Task to complete:
Reproduce the data below exactly. Skip the pictures.

Exercise data:
▼

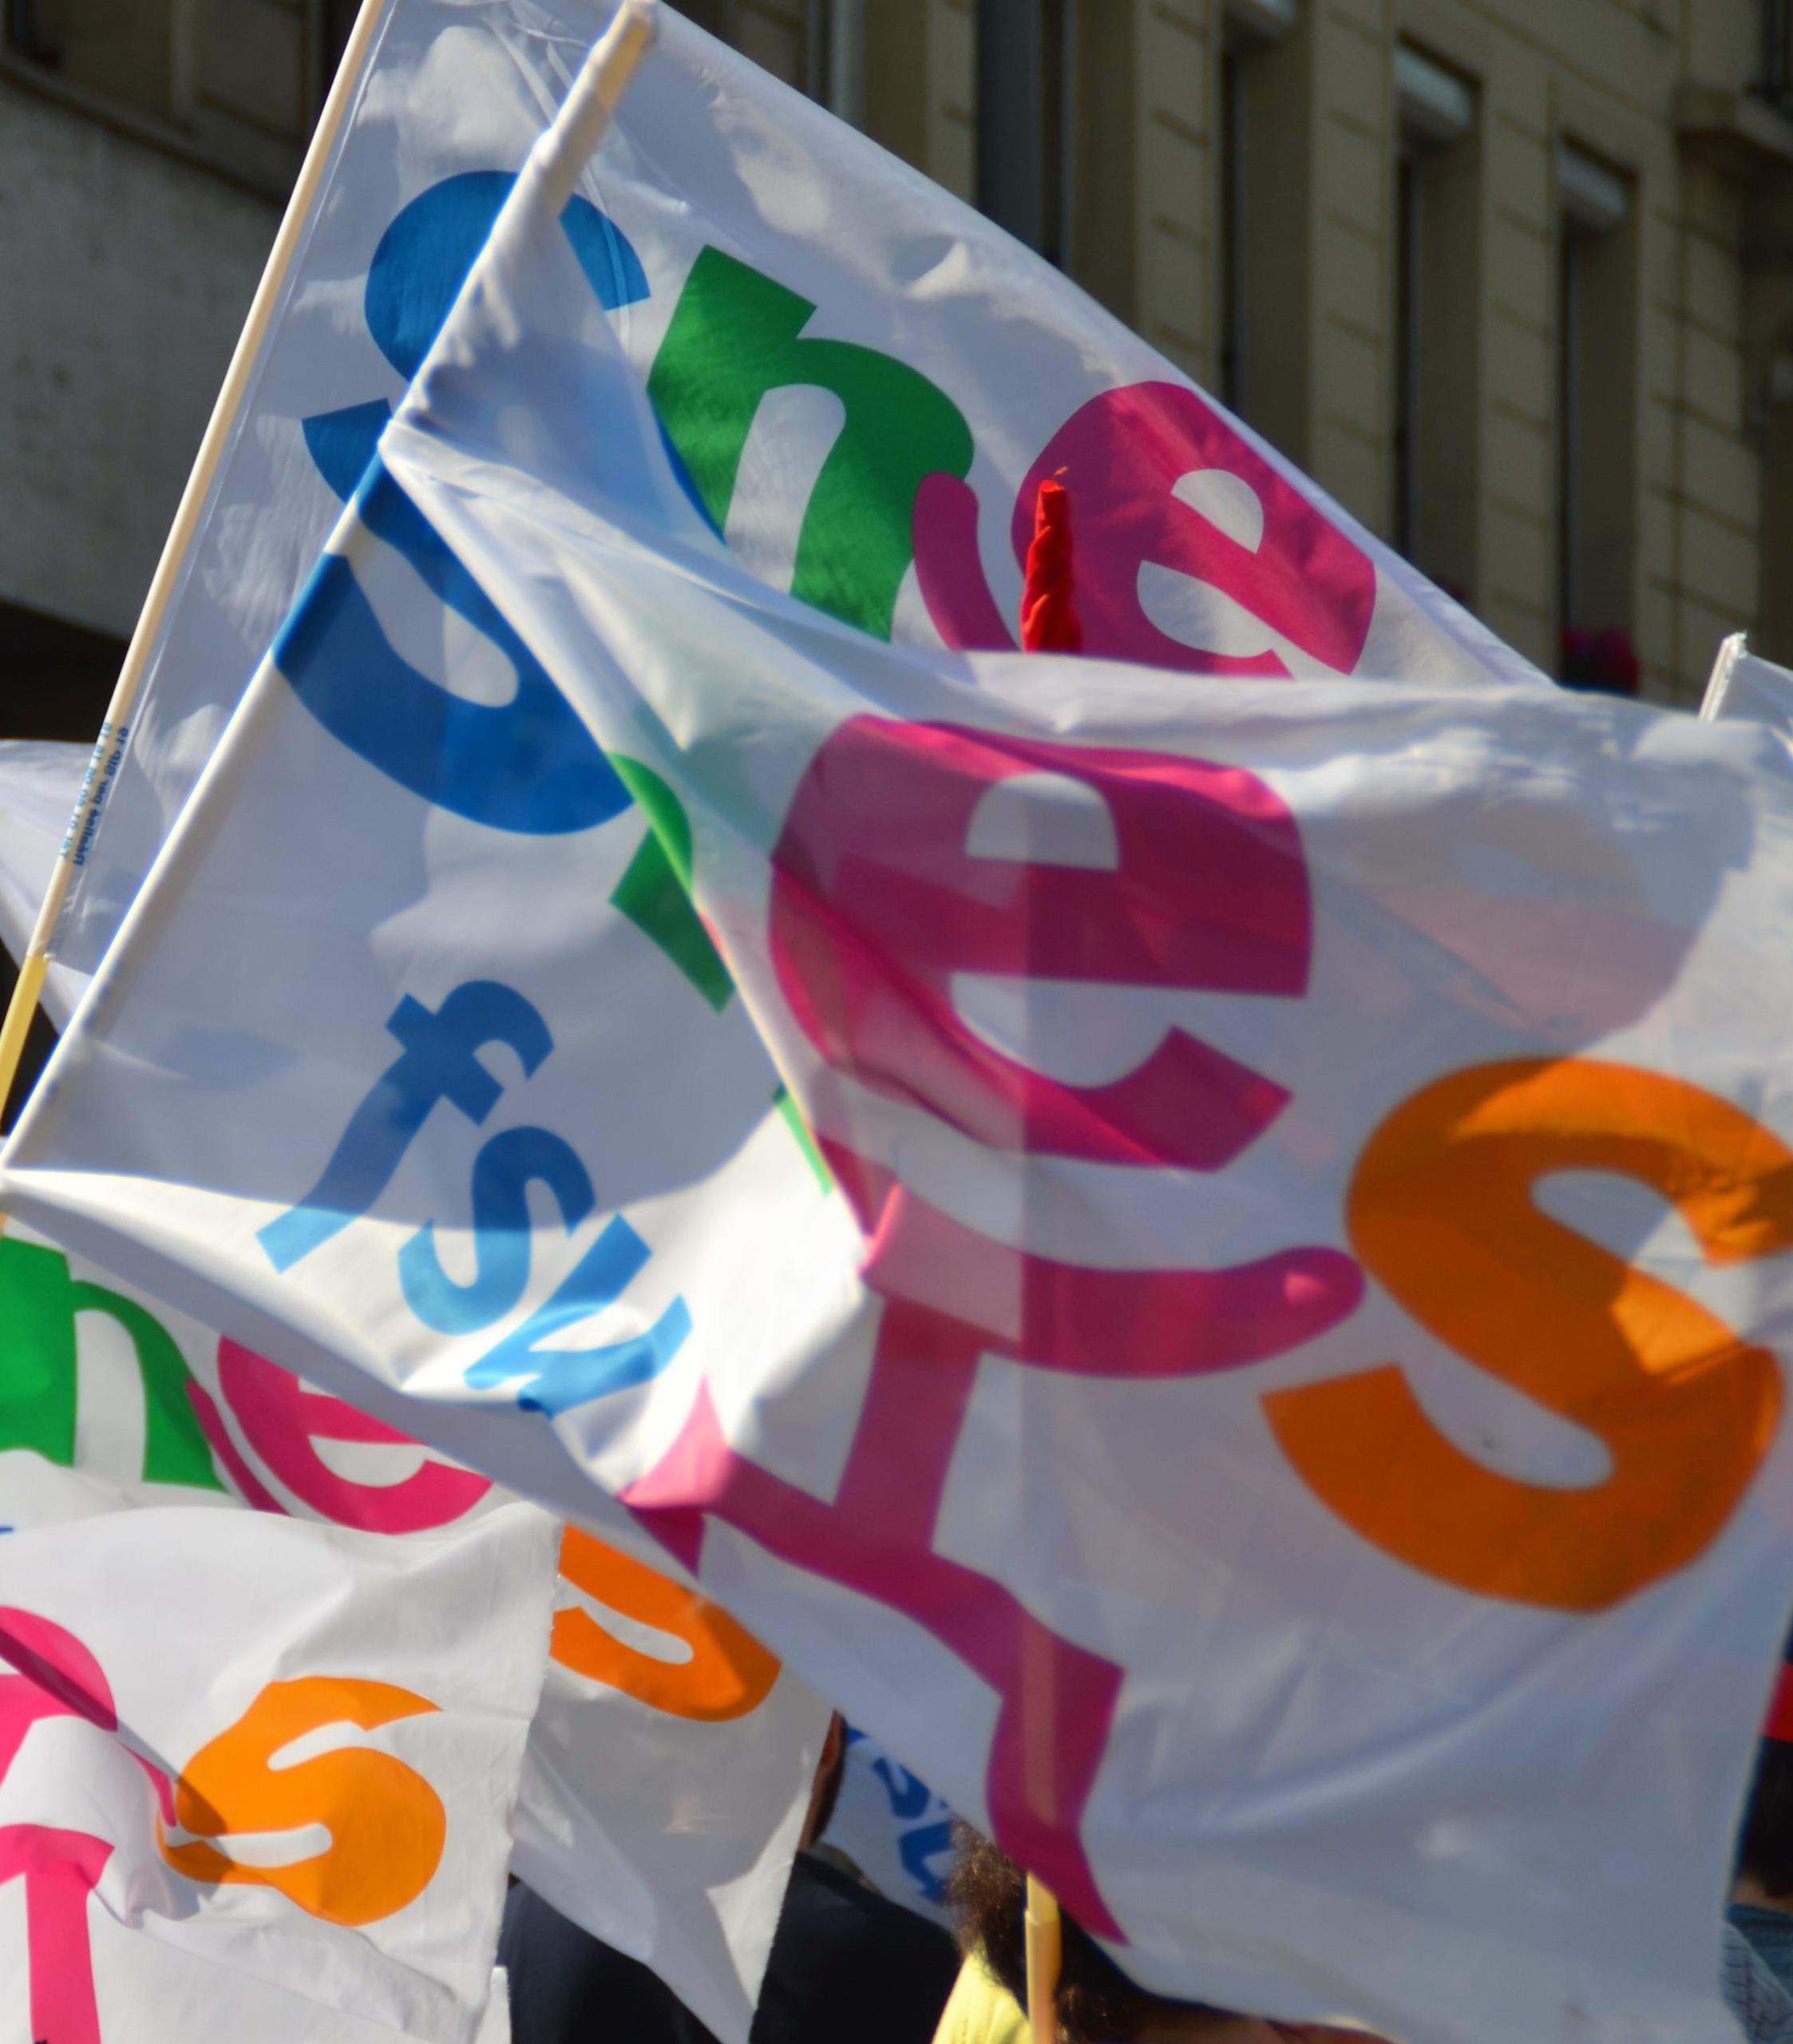 Le 5 octobre, mobilisé es pour nos salaires, nos emplois et nos conditions de travail et d'études
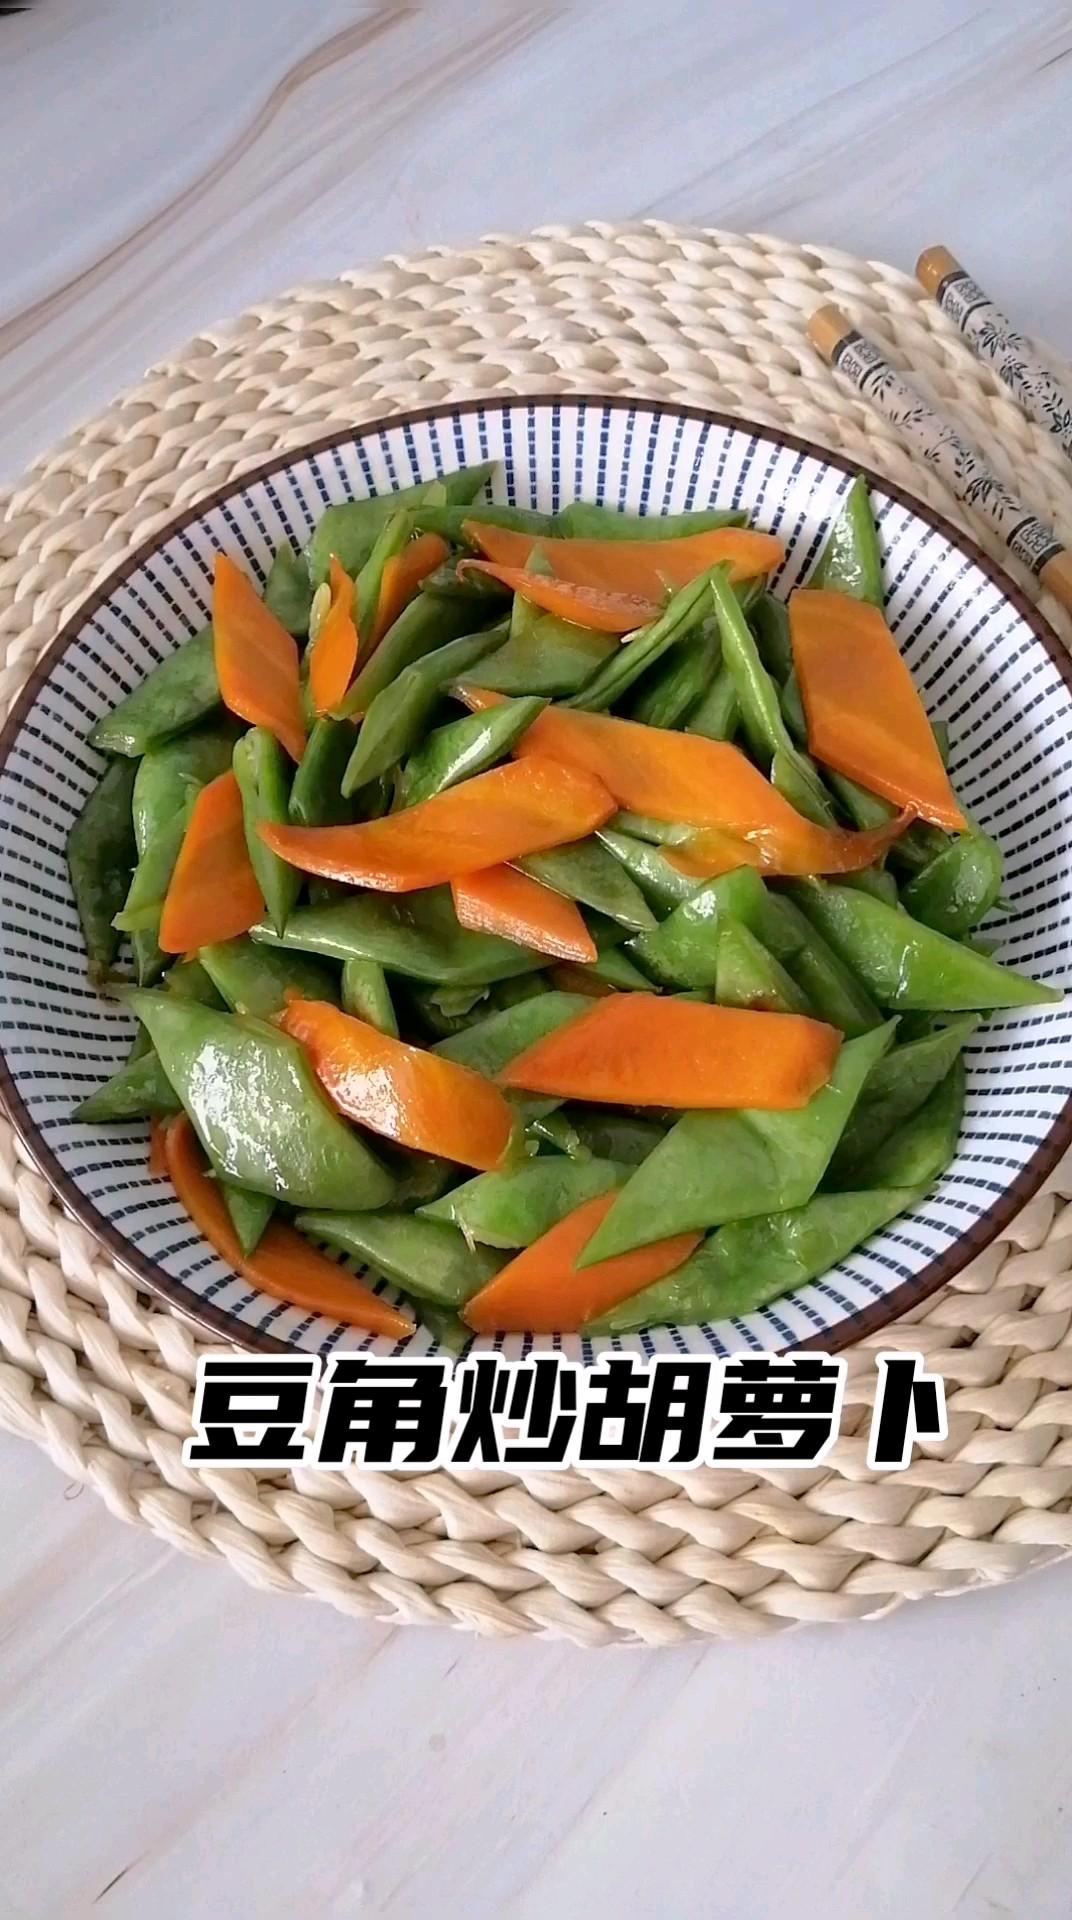 豆角炒胡萝卜片的做法
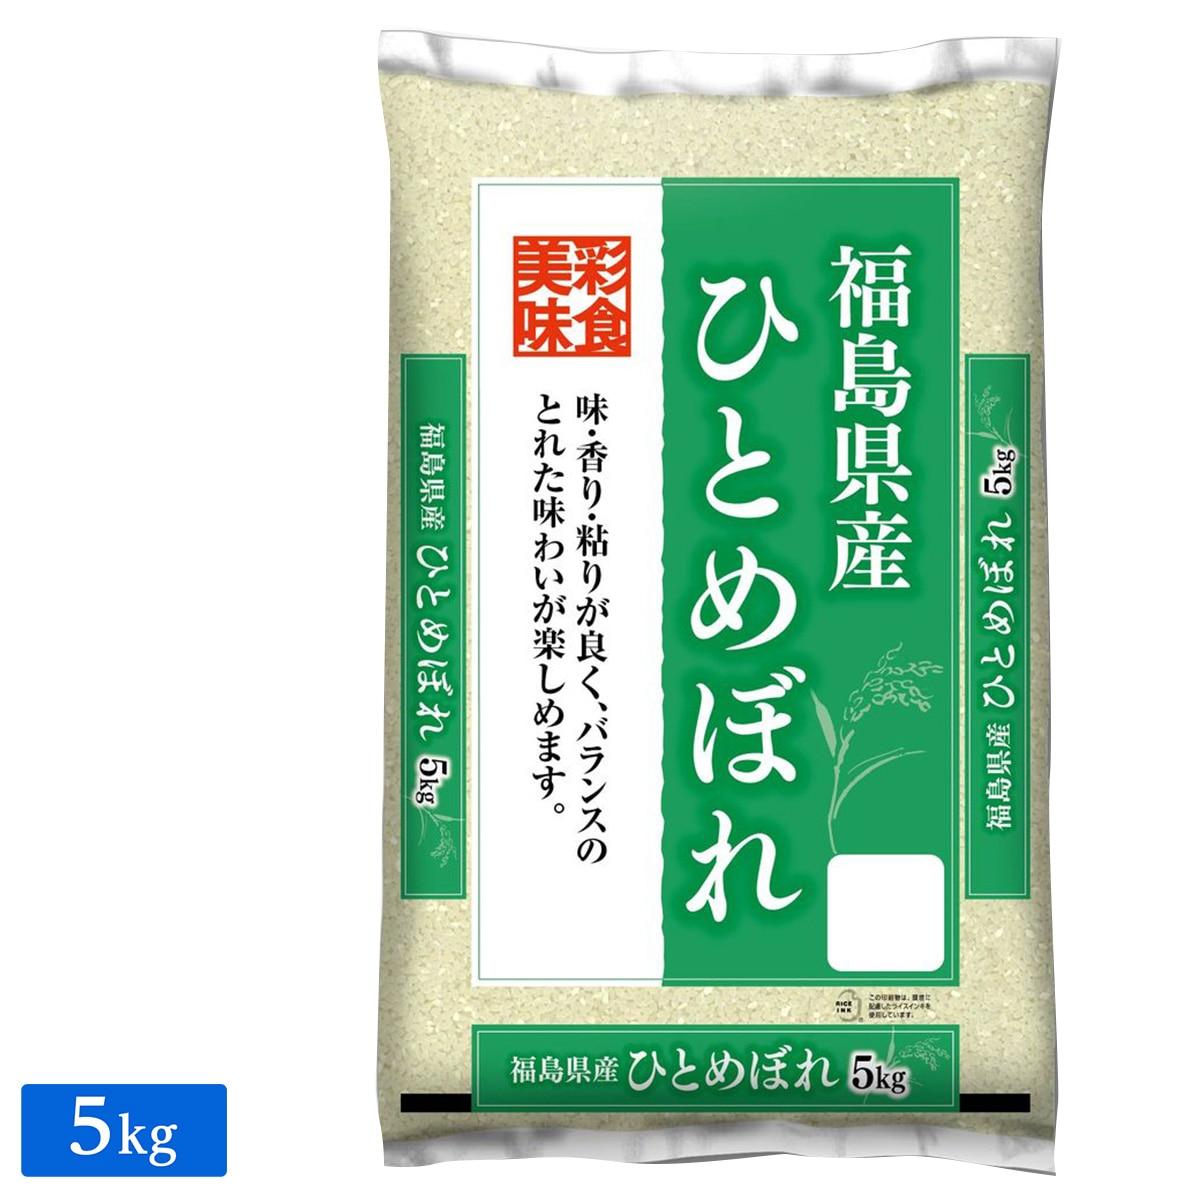 むらせライス ■【精米】令和元年産 福島ひとめぼれ 5kg 21962

▲

Task result:
 Le 5 octobre, mobilisé es pour nos salaires, nos emplois et nos conditions de travail et d'études
 豆角炒胡萝卜片的做法
 むらせライス ■【精米】令和元年産 福島ひとめぼれ 5kg 21962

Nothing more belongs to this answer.